Oh God, and then cut to Teresa screaming, "Hon, I wanna do you in one of these vineyards!" Joe Gorga offers to pull over so they can get out and befoul the precious grapes, while Melissa offers to take video, saying, "Since you're such a media whore, that will really put you out there. There's nothing like a sex tape to get your career going!" Teresa rightly points out that that wasn't a very nice thing to say. See, I think that Teresa's evil ways are mostly a manifestation of her being too dumb to actually have full consciousness as a human being, but Melissa is just straight-up shady.
The RVs truck on and end up at a winery called Lancaster Estate, that is maybe also a hotel. Juicy is finally happy, given that he'll soon be able to drunkenly split his lip on someone else's floor. Poor Chris Laurita (it's he and Albert who I always feel the worst for, as they seem like quasi-normal mellow type of guys who married into this shitshow) recognizes the potential for disaster that lies ahead.

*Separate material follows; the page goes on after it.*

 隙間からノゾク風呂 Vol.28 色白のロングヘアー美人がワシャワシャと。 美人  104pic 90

As we see footage of Rich dropping a wine glass on the floor, we learn that this whole thing has some sort of tie-in with Chris's business dealings. I think he's shown what a terrible businessman he is simply by virtue of bringing this cast of morons to anything remotely professional in nature. Take a lesson from RHONY's Heather and leave the crazy people at home!

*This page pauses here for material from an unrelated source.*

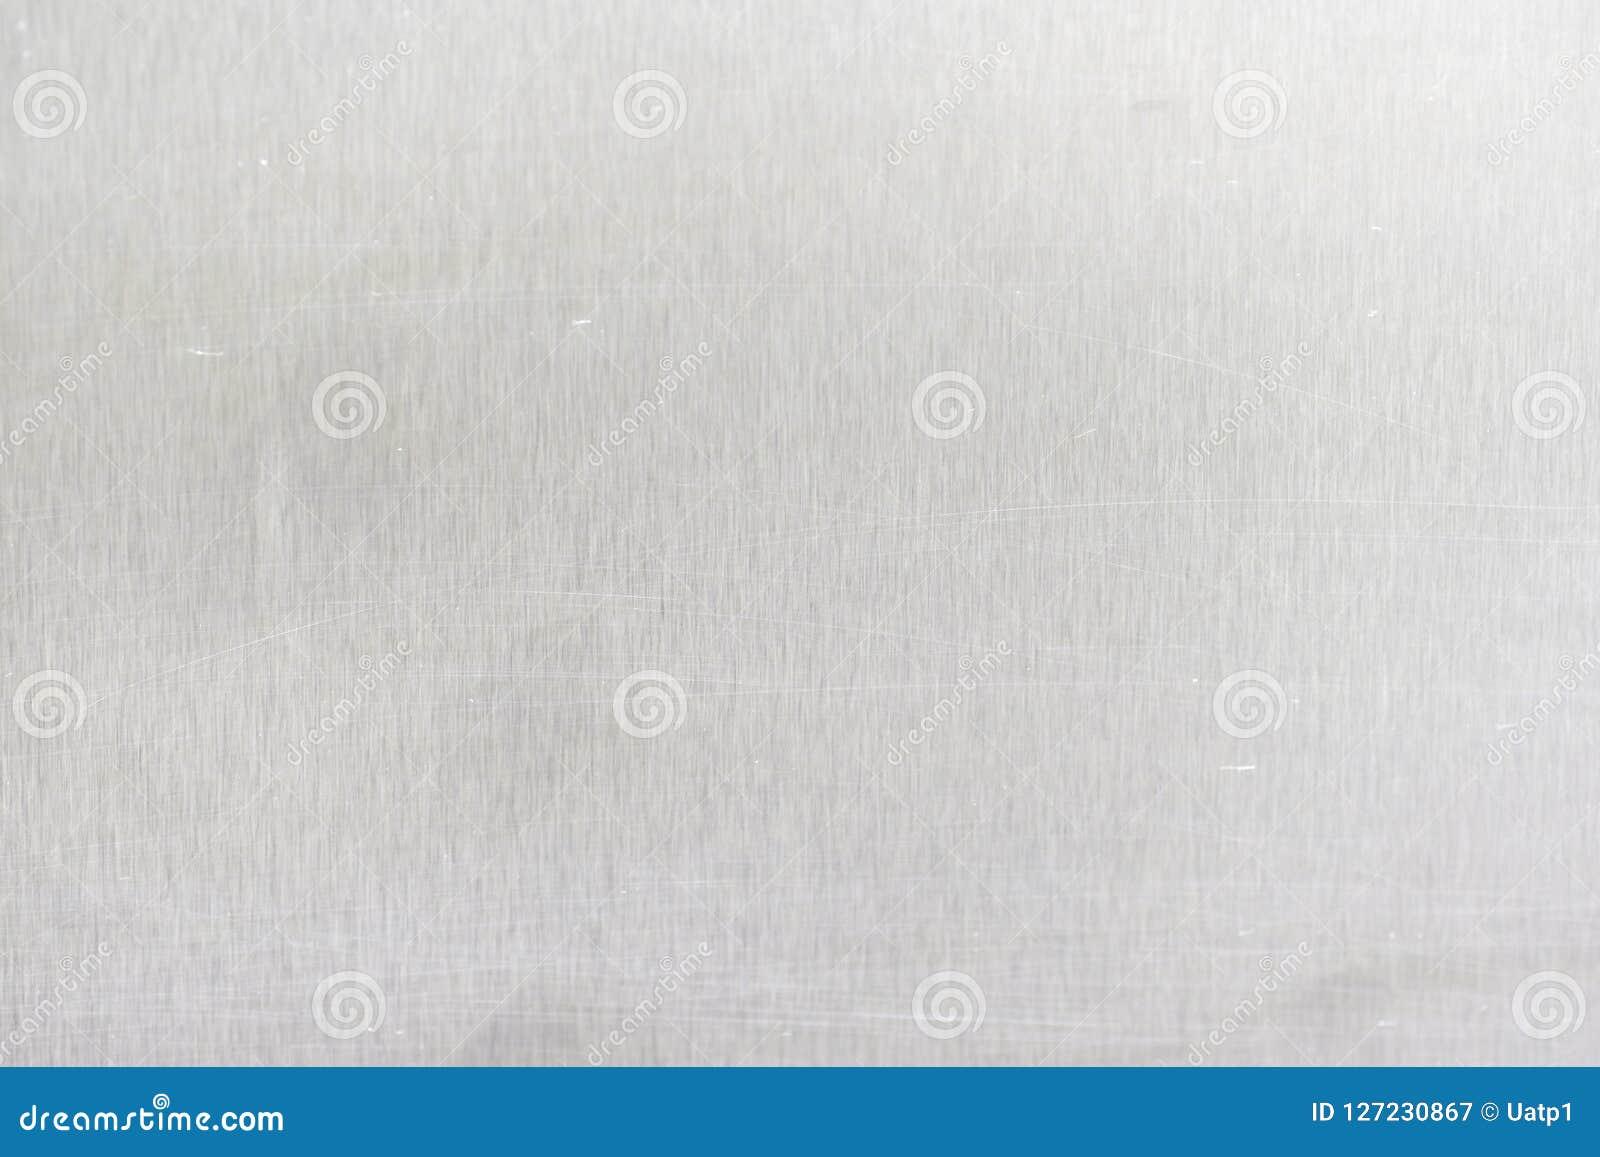 изображение металлической поверхности

The group takes a trip to Levendi Winery, which is the company that Chris will be... doing whatever it is he does with. Promoting? Chris politely asks everyone to be on their best behavior, which I'm sure will totally work. Note that they have already busted open a bottle of wine in the shuttle. Winemaker Allison Doran greets the group, looking very kindly. She takes them on a tour, which includes wine barrels that she says cost about $1,000 a piece. For no fucking reason at all, Juicy says, "I could get them for about $850." What is he even talking about? No one knows. Juicy takes a little sip of the cabernet that Allison doles out, makes a noise in his throat, and then offers the rest of it to Rich. It turns out that Juicy is hungry, and wants to leave. Joe Gorga then yells out, "This tastes like my wife, baby. Like a fiiiiiine smooth wine." If you added up all the Gorga/Giudice IQs, do you think they'd break 100? As the Manzos and Lauritas look stressed, Teresa notes that this is fun and not work and that everyone should try to have a good time. Sigh.

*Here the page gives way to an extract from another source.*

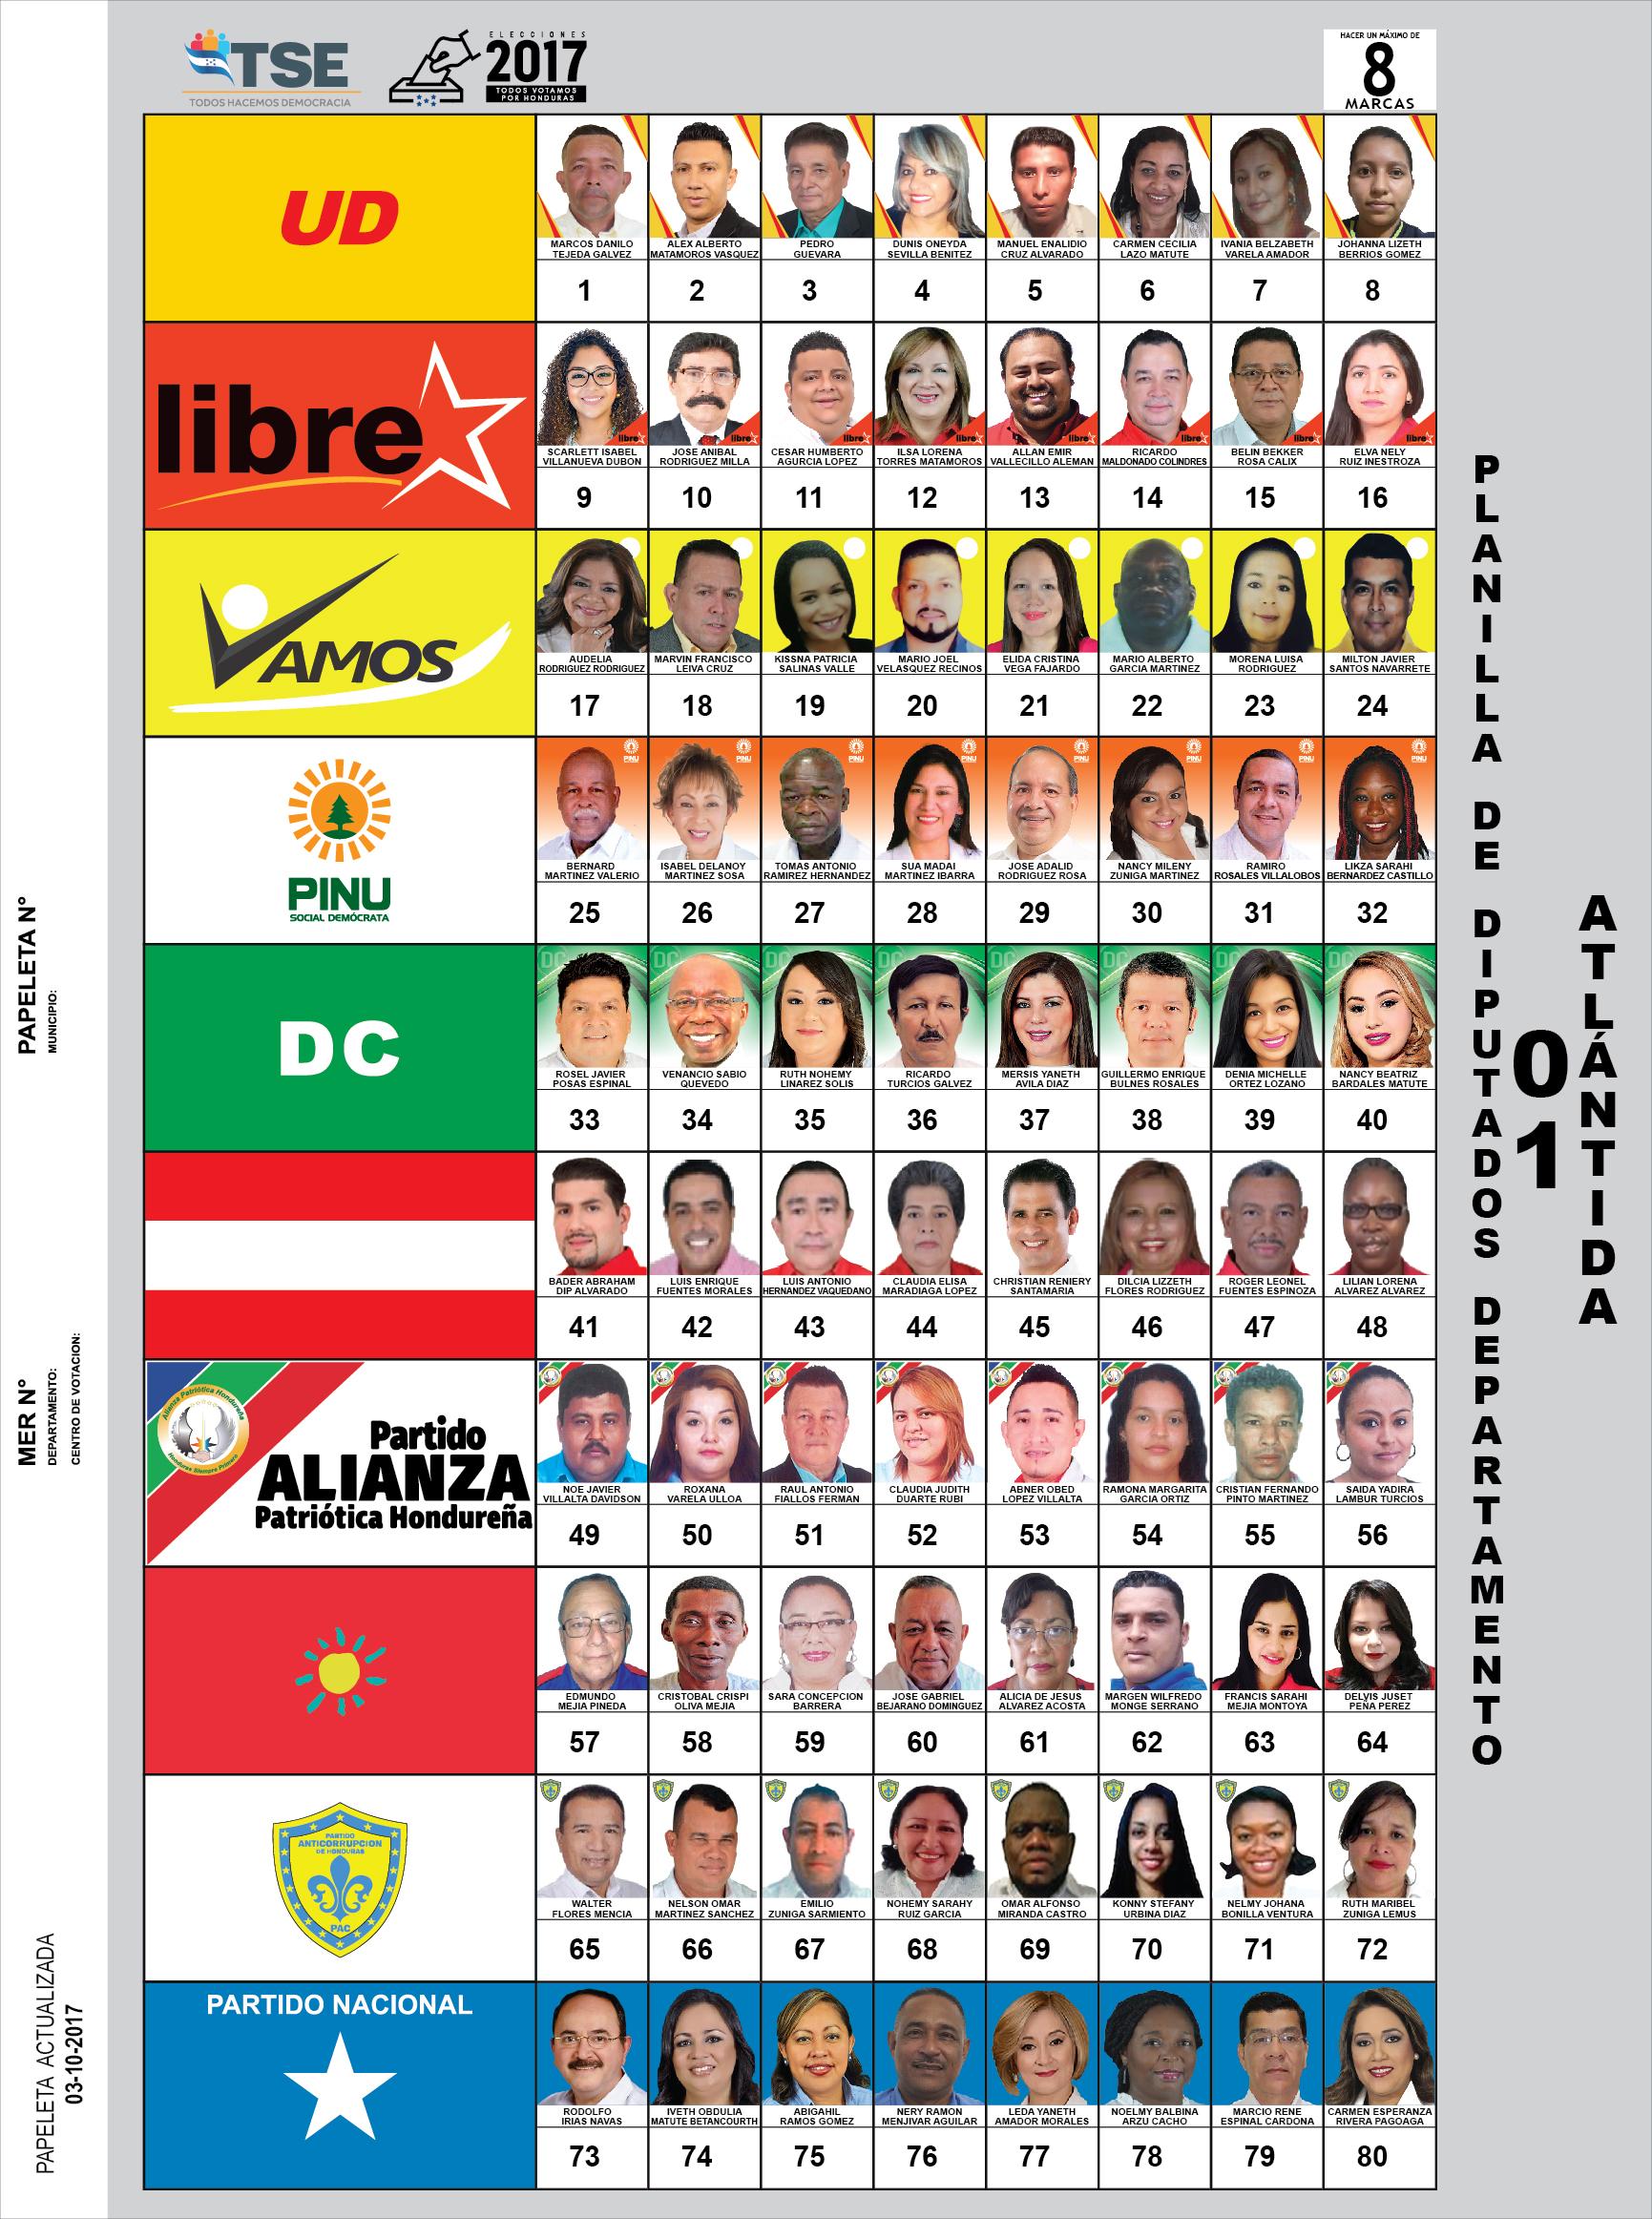 PAPELETA ELECTORAL - ATLÁNTIDA

Christopher Manzo tries to be professional and ask questions of Allison while Joe feeds Melissa grapes, encourages her to use her tongue, and declares himself a horny bastard. Juicy and Melissa then toss grapes into Joe's mouth while Chris Laurita looks troubled. He's starting to get annoyed, but tells us that he's not the type of guy to tell everyone to fuck off. Rather, he tries to make even the grodiest situations better. Allison seems to be taking it all in stride though, and seems genuinely amused when Teresa and Jacqueline tell her tales of how they stomped grapes like Lucy and Ethel. As they take their leave, Christopher Manzo tells us that their partnership with Levendi will be a learning experience for everyone, since Levendi knows nothing about selling things and the Manzo Group LLC (or whatever they call themselves) knows nothing about wine. A partnership made in heaven! I think the Manzo Group LLC's main marketing strategy is "having your product featured on an episode of The Real Housewives of New Jersey." It costs an additional 10% to have your product featured in a scene where Giudice ass-fingering is mentioned. The whole crew leaves Levendi, and in the shuttle Albert and Juicy get into the weirdest argument about the location of a particular KFC. Like us, Christopher finds it oddly compelling.